(Stored data entries)
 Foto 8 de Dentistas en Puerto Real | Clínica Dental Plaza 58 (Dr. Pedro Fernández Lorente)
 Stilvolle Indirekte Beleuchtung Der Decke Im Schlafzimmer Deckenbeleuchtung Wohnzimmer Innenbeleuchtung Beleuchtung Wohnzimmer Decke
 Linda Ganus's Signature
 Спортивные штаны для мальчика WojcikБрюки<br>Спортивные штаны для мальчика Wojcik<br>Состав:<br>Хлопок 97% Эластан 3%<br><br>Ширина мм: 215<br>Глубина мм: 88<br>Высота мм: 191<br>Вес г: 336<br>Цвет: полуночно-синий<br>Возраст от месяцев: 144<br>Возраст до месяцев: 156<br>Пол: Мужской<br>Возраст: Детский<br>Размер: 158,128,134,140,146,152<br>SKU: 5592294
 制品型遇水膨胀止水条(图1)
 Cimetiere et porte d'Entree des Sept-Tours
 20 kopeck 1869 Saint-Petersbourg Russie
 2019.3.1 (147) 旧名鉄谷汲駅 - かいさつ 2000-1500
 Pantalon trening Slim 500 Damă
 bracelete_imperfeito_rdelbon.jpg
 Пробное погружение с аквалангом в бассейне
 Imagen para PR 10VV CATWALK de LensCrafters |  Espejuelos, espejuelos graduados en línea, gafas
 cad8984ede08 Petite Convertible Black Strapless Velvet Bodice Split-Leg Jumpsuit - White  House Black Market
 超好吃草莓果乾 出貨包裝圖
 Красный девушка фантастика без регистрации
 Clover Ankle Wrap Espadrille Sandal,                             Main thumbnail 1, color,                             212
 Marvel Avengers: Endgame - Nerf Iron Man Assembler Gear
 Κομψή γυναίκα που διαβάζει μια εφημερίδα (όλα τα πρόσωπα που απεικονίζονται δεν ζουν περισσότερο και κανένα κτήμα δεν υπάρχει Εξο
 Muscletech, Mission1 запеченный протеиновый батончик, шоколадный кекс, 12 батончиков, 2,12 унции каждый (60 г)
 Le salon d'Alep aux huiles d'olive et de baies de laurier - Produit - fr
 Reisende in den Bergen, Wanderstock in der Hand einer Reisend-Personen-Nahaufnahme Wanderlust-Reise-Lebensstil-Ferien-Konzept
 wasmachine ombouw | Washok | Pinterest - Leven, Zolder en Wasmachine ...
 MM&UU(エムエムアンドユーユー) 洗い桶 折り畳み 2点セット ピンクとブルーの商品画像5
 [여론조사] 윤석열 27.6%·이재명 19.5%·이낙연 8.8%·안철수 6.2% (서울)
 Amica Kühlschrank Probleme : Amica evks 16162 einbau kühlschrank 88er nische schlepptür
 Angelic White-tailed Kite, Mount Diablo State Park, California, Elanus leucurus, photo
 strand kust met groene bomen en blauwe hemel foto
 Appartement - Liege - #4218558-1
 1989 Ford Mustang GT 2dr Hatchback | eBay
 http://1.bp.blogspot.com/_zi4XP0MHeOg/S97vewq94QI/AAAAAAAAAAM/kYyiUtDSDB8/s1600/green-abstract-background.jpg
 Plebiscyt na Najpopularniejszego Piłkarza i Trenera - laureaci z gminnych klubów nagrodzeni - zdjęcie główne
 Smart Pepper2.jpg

◆ Task instructions: Please find each line in the records above that holds the word "White", and copy it.

◆ Expected output:
 cad8984ede08 Petite Convertible Black Strapless Velvet Bodice Split-Leg Jumpsuit - White  House Black Market
 Angelic White-tailed Kite, Mount Diablo State Park, California, Elanus leucurus, photo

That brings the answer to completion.